Ho avuto il privilegio di conoscere e intervistare Samuel Artale in occasione della cerimonia delle premiazioni della 9° edizione (2018) del premio letterario Mille e … Una STORIA.

In quella circostanza, l’Ing. Artale presentò il suo libro “Alla Vita” pubblicato dalla GMC Editore di Busto Arsizio.

Le pagine scritte da Samuel Artale racchiudono ricordi dolorosi, anzi, terribili e forniscono a tutti noi una testimonianza preziosa mediante la quale conoscere e tentare di capire cosa abbia significato “l’odio che l’uomo è stato in grado di riversare verso i suoi simili” (pag. 105).

Rivolgendosi direttamente ai giovani, vale a dire al futuro, Samuel Artale scrive: “Immaginate un mondo senza frontiere dove ognuno, nel rispetto reciproco, è libero di esprimere  la propria identità culturale e religiosa. E’ un atteggiamento interiore da costruire giorno per giorno: alzarsi la mattina e pensare a cosa potrò fare oggi di buono per me e per gli altri. Forse questo rende la nostra vita migliore, e ci rende più umani” (pag. 105).

Queste parole, unitamente all’incontro che ho avuto con Samuel Artale e all’intervista che mi ha concesso,  mi sono ritornate nitidamente in mente dopo che alla senatrice a vita Liliana Segre, 89 anni, anch’essa internata ad Auschwitz in giovanissima età e sopravvissuta a quell’inferno di odio, violenza e soprusi, è stata concessa la scorta a seguito delle minacce che quotidianamente riceve (oltre 200 al giorno sui social network) da parte degli odiatori antisemiti.

E’ spaventevole che oggi, nel 2019, in Italia, la pianta velenosa di un male così assoluto, ottuso, miserabile possa attecchire e possa crescere.

L’anonimato vigliacco di chi si ciba dei suoi frutti e ne trae spunto per rigurgitare il proprio odio non rende meno grave un simile comportamento da parte dei seguaci di questa specie di sub-cultura che alberga nei bassifondi più oscuri della società.

C’è da chiedersi: cosa accadrà quando, per ovvie ragioni anagrafiche, le testimonianze di persone nobili e coraggiose come Samuel Artale e Liliana Segre verranno meno?
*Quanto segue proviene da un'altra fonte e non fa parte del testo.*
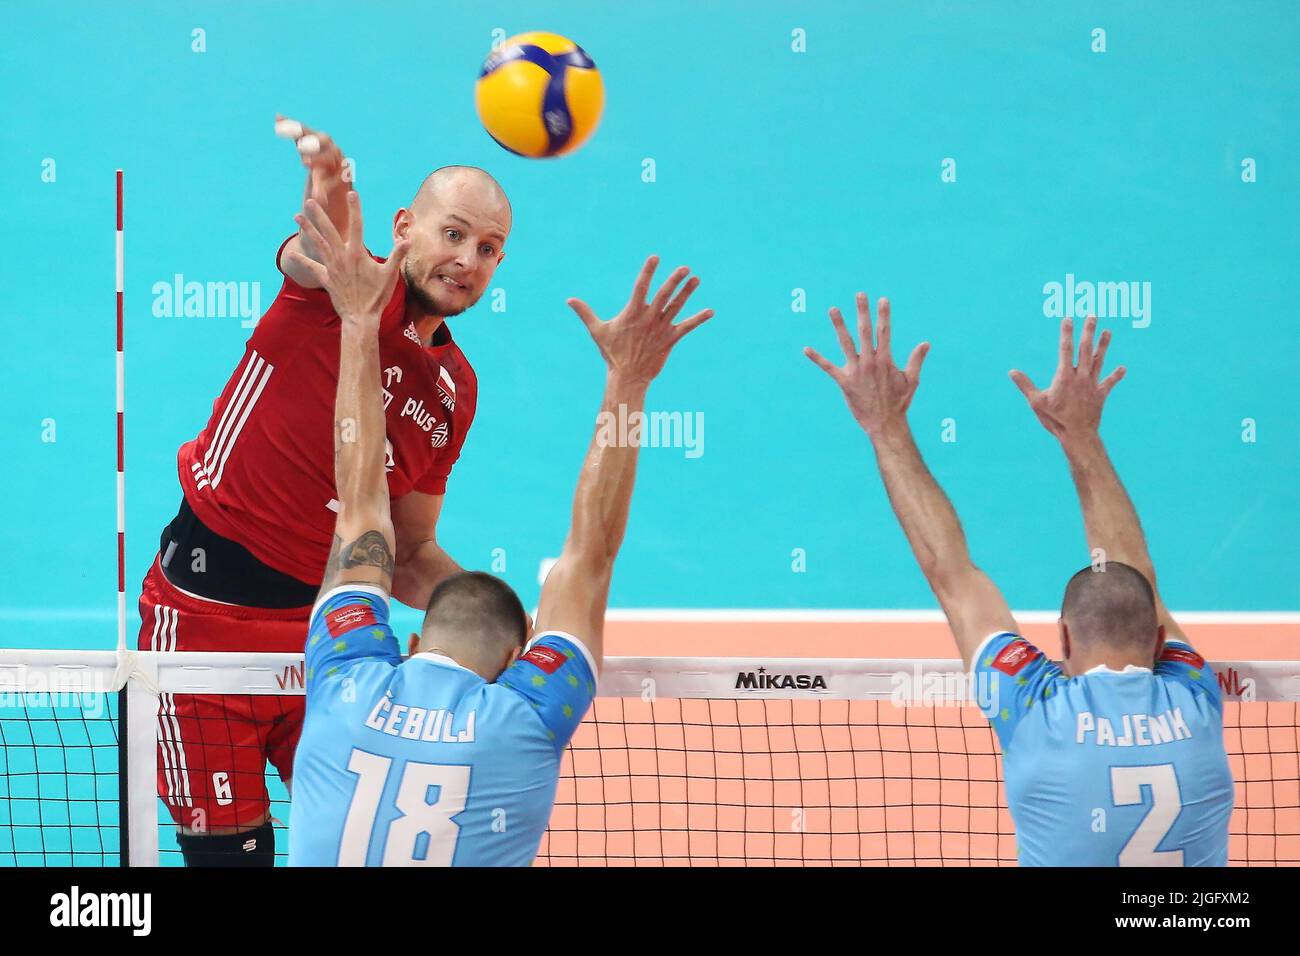 Gdansk, Poland. 10th July, 2022. Bartosz Kurek (L) of Poland and Tine Urnaut (C) and Alen Pajenk (R) of Slovenia during the 2022 men's FIVB Volleyball Nations League match between Poland and Slovenia in Gdansk, Poland, 10 July 2022. Credit: PAP/Alamy Live News Stock Photo

Il negazionismo, la superficiale indifferenza, l’ignoranza della storia avranno libero sfogo e non vi sarà più la diga del ricordo e il baluardo delle testimonianze di chi ha vissuto sulla propria pelle le conseguenze del male assoluto ad arginare il dilagare del liquame ideologico più perverso e più pericoloso, soprattutto per le giovani generazioni (?).

Ho posto il punto interrogativo fra due parentesi perché il male non è ineluttabile (anche se è sempre in agguato, dietro l’angolo); c’è sempre la possibilità che il bene prevalga.

Il bene, però, deve essere voluto e costruito attraverso lo studio, l’impegno, il rispetto reciproco, l’educazione.

Il bene non è in alcun modo scontato, proprio come il male.

Dipende dalla volontà di ciascuno di noi.

Altrimenti la pianta velenosa del razzismo, della discriminazione, dell’ignoranza continuerà a produrre i suoi frutti e affonderà sempre di più le proprie radici in un terreno a sua volta inquinato e privo degli anticorpi che solo la cultura della tolleranza può garantire.

Il mio – scrive Samuel Artale nel suo libro – vuole essere un incoraggiamento alla vita, come diciamo noi ebrei: Lechaim! Alla vita!”.